Approximation of a $L^1$ function by a dominated sequence of continuous functions

Question

Consider $\mathbb{T}=\{z\in\mathbb{C}\mid |z|=1\}$ and the Lebesgue measure on it. Denote by $L^1(\mathbb{T})$ the set of integrable functions on $\mathbb{T}$ and by $C(\mathbb{T})$ the set of continuous functions on $\mathbb{T}$. I wonder whether or not the following proposition is true.

Proposition. Let $0\leq f\in L^1(\mathbb{T})$. Then there exist a sequence $\{g_n\}_{n\in\mathbb{N}}\subset C(\mathbb{T})$ and a function $g\in L^1(\mathbb{T})$ such that

1. $g_n\to f$ a.e.
2. $|g_n(t)|\leq g(t)$ a.e. for all $t\in\mathbb{T}$ and all $n\in\mathbb{N}$.

Just to add some context, I came up with this question while trying to find an alternative proof for a Fejér's-like theorem. I tried the usual techniques (density of continuous function in $L^1(\mathbb{T})$, Luzin's Theorem, etc) but I didn't succeed.

Answer 1

Yes, your proposition is true.

By density of the continuous functions, there is a sequence of continuous $g_n$ with $g_n \to f$ in $L^1$. Replacing $g_n$ with $g_n^+$, we can assume $g_n \ge 0$. Passing to a subsequence, we can also assume $g_n \to f$ almost everywhere. Passing to a further subsequence, we can assume $\|g_n - f\|_{L^1} \le 2^{-n}$.

(Actually, the first "pass to a subsequence" is unnecessary. As soon as $\sum_n \|g_n - f\|_{L^1} < \infty$, a Borel-Cantelli argument ensures that $g_n \to f$ almost everywhere.)

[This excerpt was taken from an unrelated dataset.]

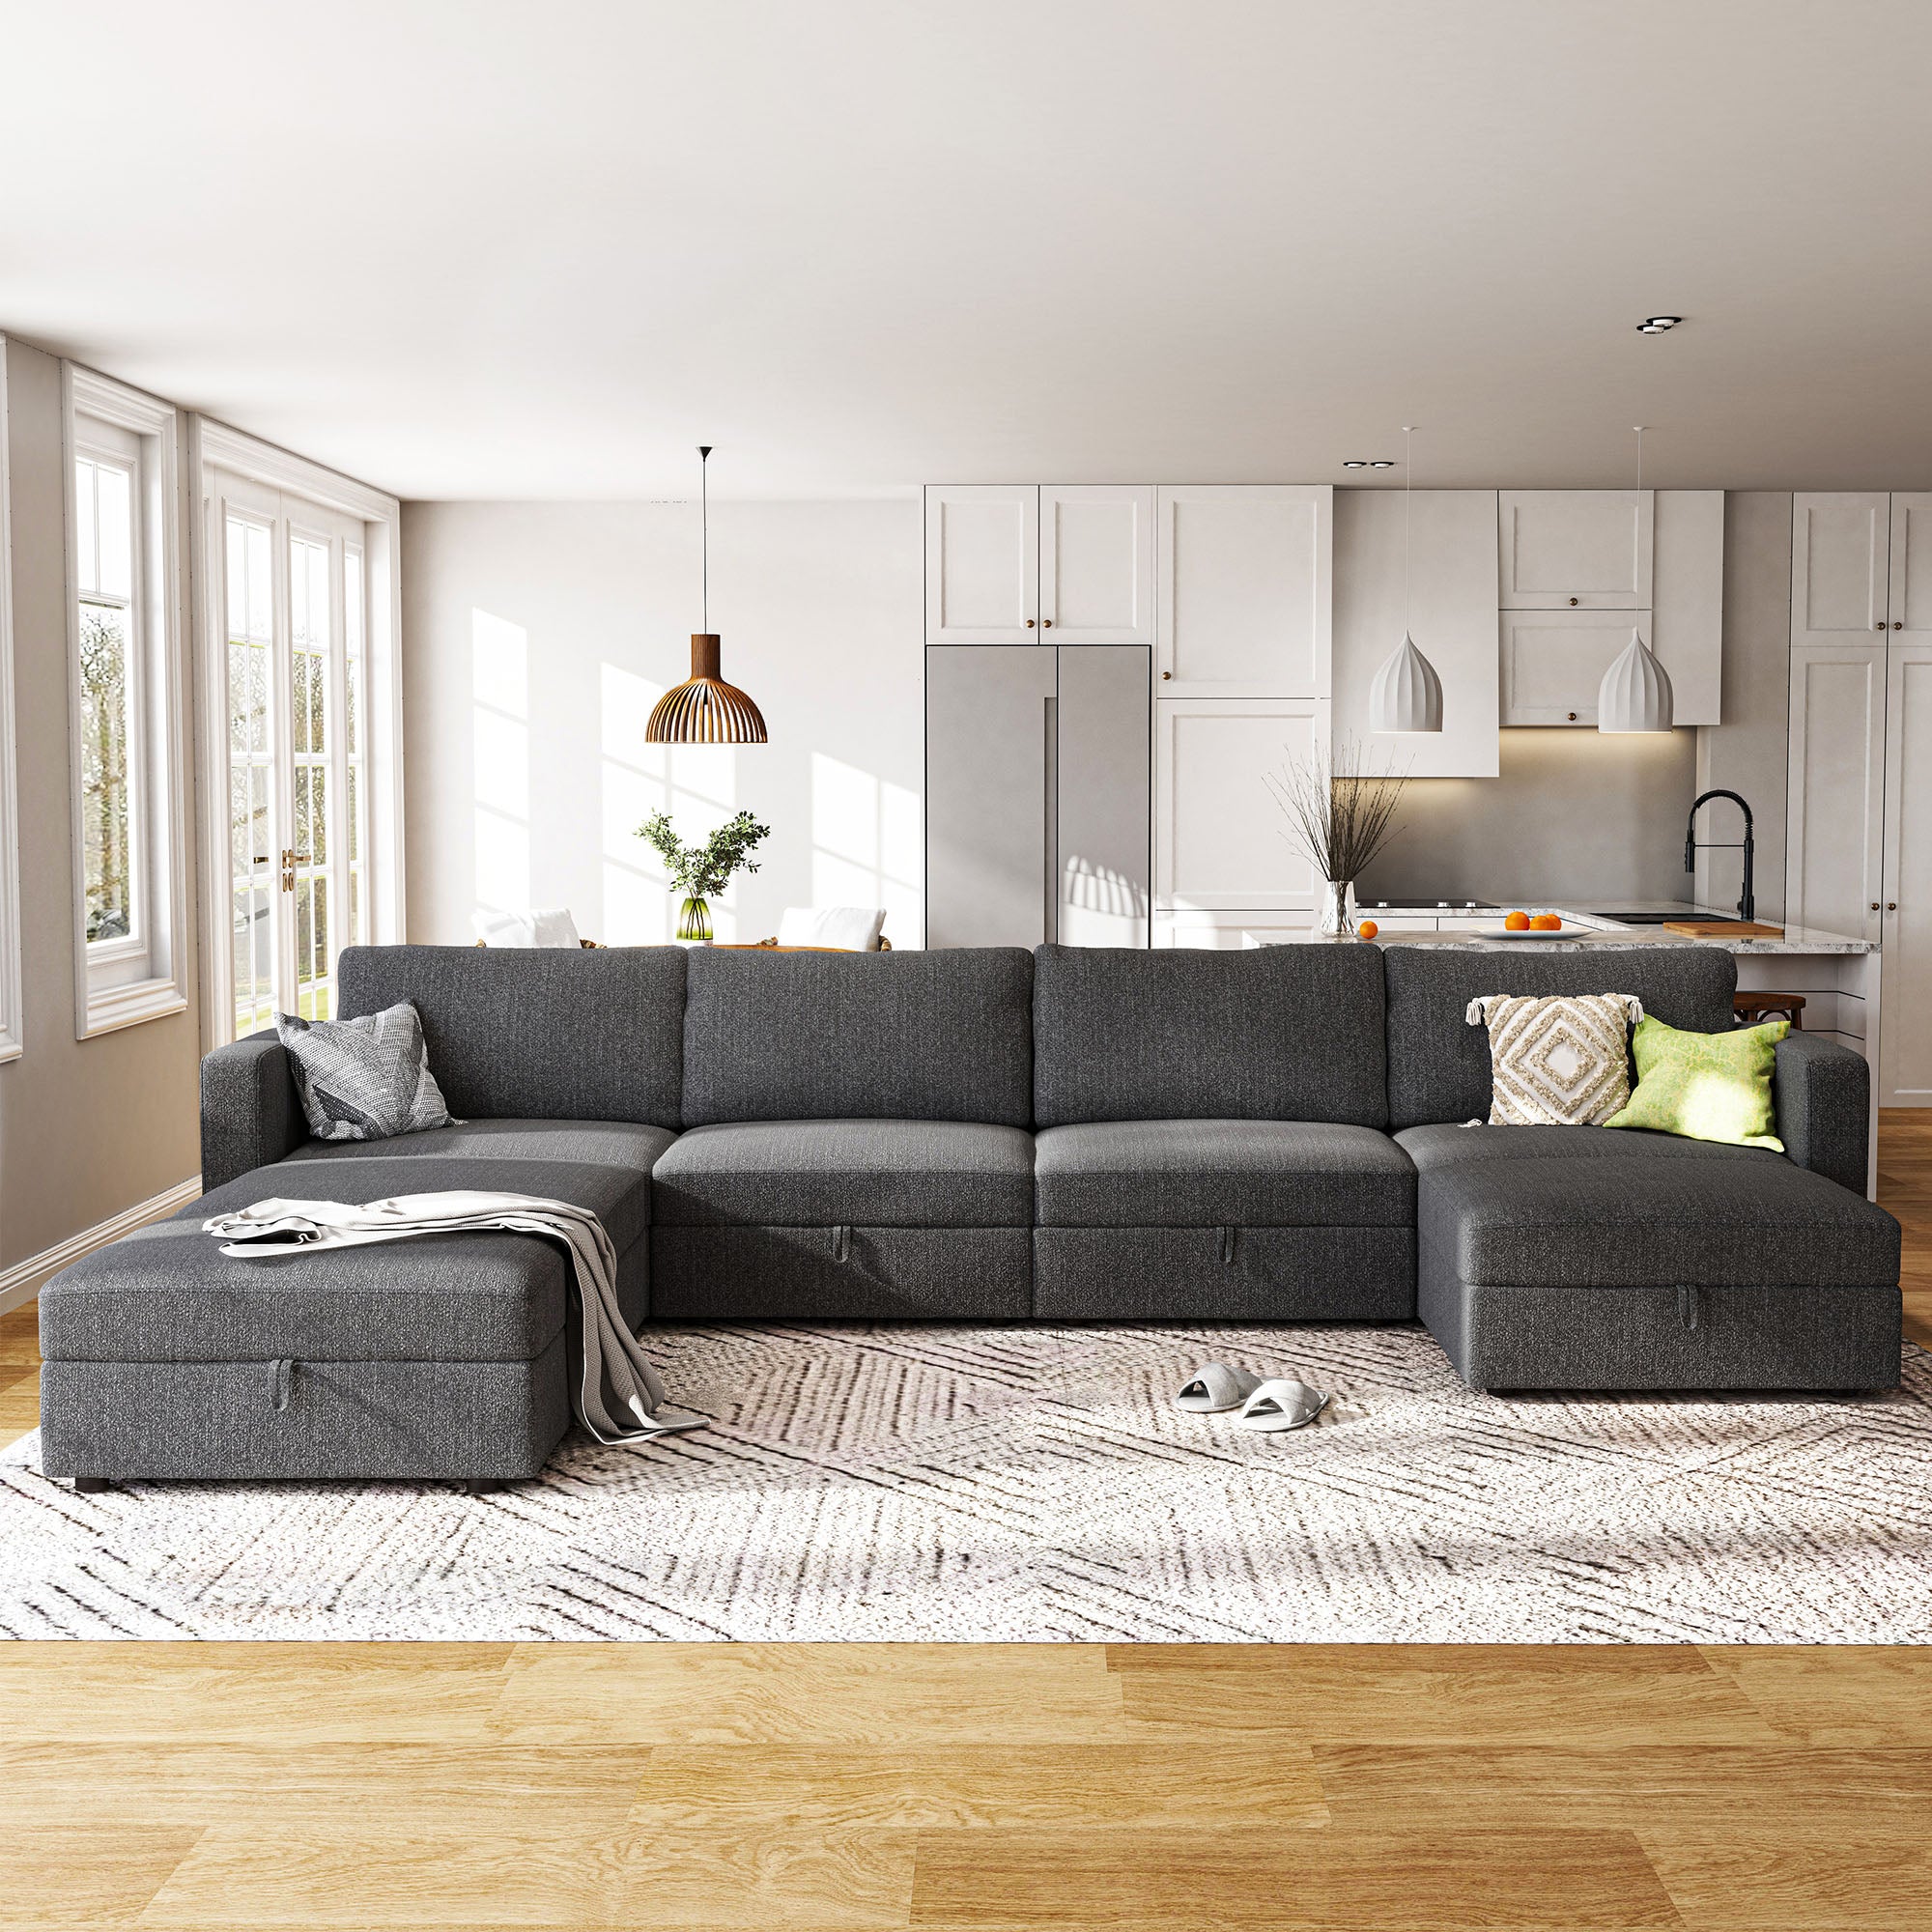 HONBAY Dark Grey Polyester Modular Sectional Sofa for Living Room

I claim $g_n$ is the desired sequence. It remains to construct the dominating function $g$. Let $h_n = (g_n - f)^+$. Then $h_n$ is measurable, $\|h_n\|_{L^1} \le \|g_n -f\|_{L^1} \le 2^{-n}$, and we have $h_n \ge 0$ and $g_n \le f + h_n$. Set $g = f + \sum_{n=1}^\infty h_n$. Now by monotone convergence $$\int \sum_{n=1}^\infty h_n = \sum_{n=1}^\infty \int h_n \le \sum_{n=1}^\infty 2^{-n} = 1$$ so $g$ is integrable. And for each $n$ we have $g_n \le f + h_n \le g$.

This argument didn't use any topology. Indeed, it still goes through if we replace $\mathbb{T}$ by any measure space $(X,\mu)$, and replace $C(\mathbb{T})$ by any dense subset $E \subset L^1(X,\mu)$ which is closed under the "positive part" operation. Maybe that latter condition can be weakened even further.

Answer 2

If $f$ is continuous, the result is a consequence of Arzela-Ascoli theorem. Because the sequence is non-negative, there is a sequence of measurable functions in $L^1$ that converges to $f$. Besides, thanks to the density of the continuous functions in $L^1$, we can assume that this functions are continuous. Let $F$ be such sequence of functions, i.e. $F=\{f_{n}:n\in \mathbb{N} \}⊂C(\mathbb{T})$. Any sub-sequence of functions in $F$ converges in $F\cup\{f\}⊂C(\mathbb{T})$. Arzela-Ascoli implies that $F$ is uniformly bounded, i.e. that the sequence satifies 2. For the general case, since $f$ is $L^1$, you can take a sequence of continuous functions converging to $f$. You can prove that there is a bound that holds for any case.